World Bank officials point out that the institution runs on consensus, and the management -- even the president -- must serve its client country's needs. Bank critics, meanwhile, argue that Zoellick never tried to lead the board on coal. While the bank under Zoellick brought in renewable energy expert Daniel Kammen to lead the energy strategy, management failed to give him a team. Meanwhile, critics say Zoellick showed no backbone or even interest in fighting for that strategy before the board.

"He just wasn't willing to stick his neck out on the energy strategy," said Justin Guay, coal campaigner with the Sierra Club. And while he acknowledged the bank has dramatically ramped up funding for clean energy, he argued that legacy is tainted by its continued embrace of fossil fuels.

"It's a huge failure of leadership," Guay said. "What the World Bank does with its dollars says less than what they say with their policy."

'Very practical realist'

Andrew Deutz, director of international government relations at the Nature Conservancy, took an accounting approach to summing up Zoellick's climate legacy.

"I think it helps to look at this tenure on climate change as a ledger, and there are more positive things than negative things on the ledger," he said. "Overall, he's definitely pushing the bank in the right direction."

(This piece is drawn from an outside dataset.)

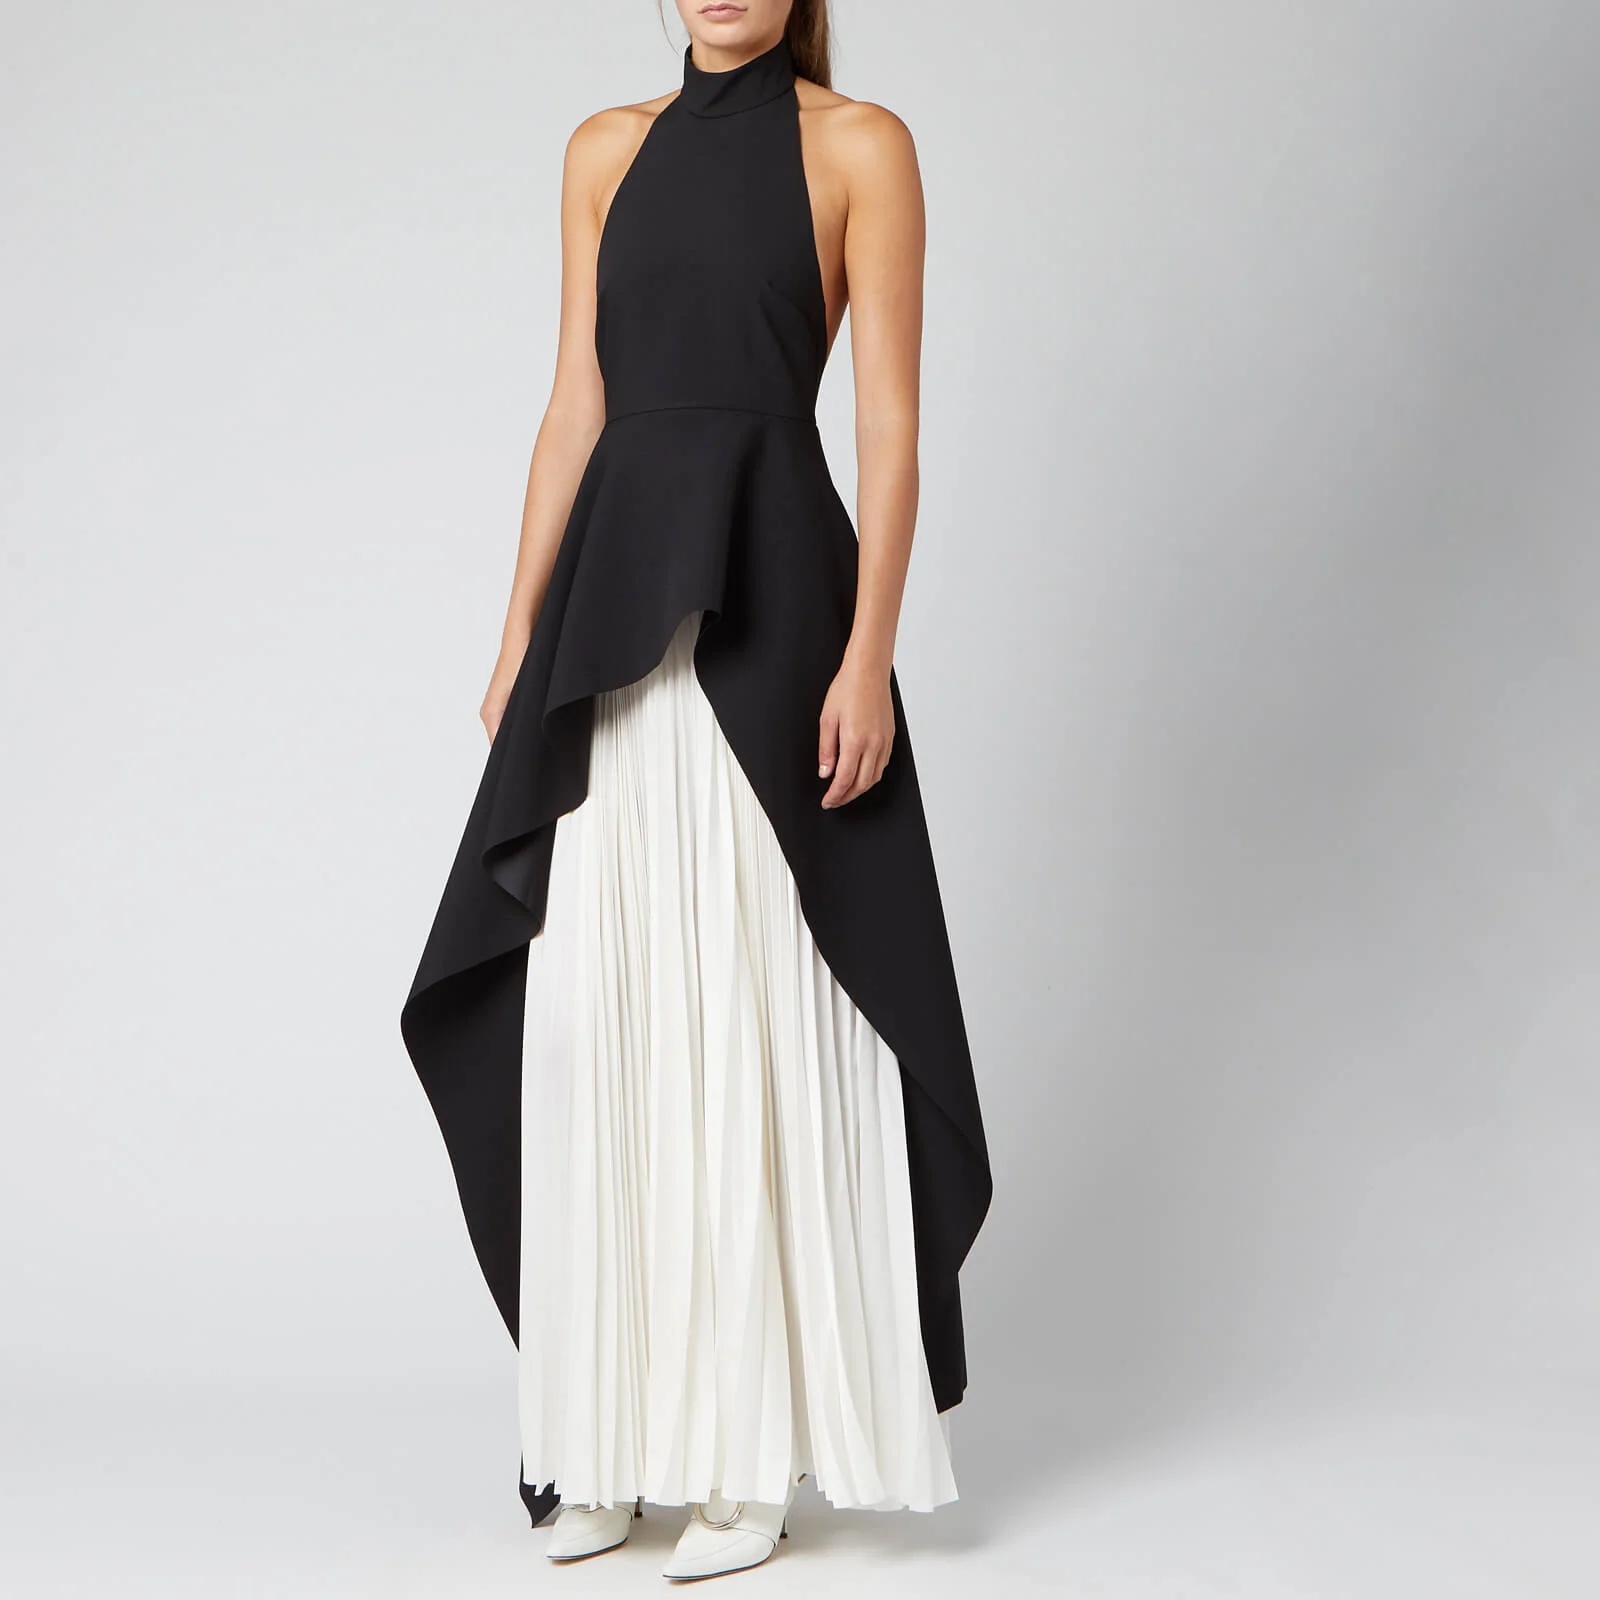 Solace London Women's Lavinia Maxi Dress - Black/Cream Image 1

Those who have worked with Zoellick say his evolution on coal was gradual and see in his approach to the coal fight signs of the consummate negotiator.

Jennifer Haverkamp, international counsel at the Environmental Defense Fund, who served as assistant U.S. trade representative for the environment under Zoellick, recalled that when faced with the hot-button issue of access to medicines, Zoellick was able to find compromise by reaching out one on one with others seeking common ground.

"He likes to find solutions and work away at problems and solve them," Haverkamp said. Others say that is the approach Zoellick has taken to energy, choosing to focus on areas where developing countries can agree -- like the need to develop low-carbon growth strategies -- rather than divisive issues like coal lending.

Reilly called Zoellick "a very practical realist," and "an inside operator," adding that on the energy strategy, as with other issues, Zoellick "had a relatively subdued way of affecting things. He was more of someone who leads from the negotiating table than using the bully pulpit. ... I've never seen him make a call to action."

Yet a call to action is precisely what environmental groups are hoping to see from the incoming president, Jim Yong Kim. In addition to eliminating loans for coal, activists say they would like to see the World Bank create a unit devoted to working on ways to deliver renewable energy to the world's 1.6 billion people currently living without access to power.

In the future, Haverkamp said, "The bank needs to be extremely strategic in how it invests scarce public resources. The bank needs to put a lot of distance between its future and its history of helping to finance large fossil fuel plants."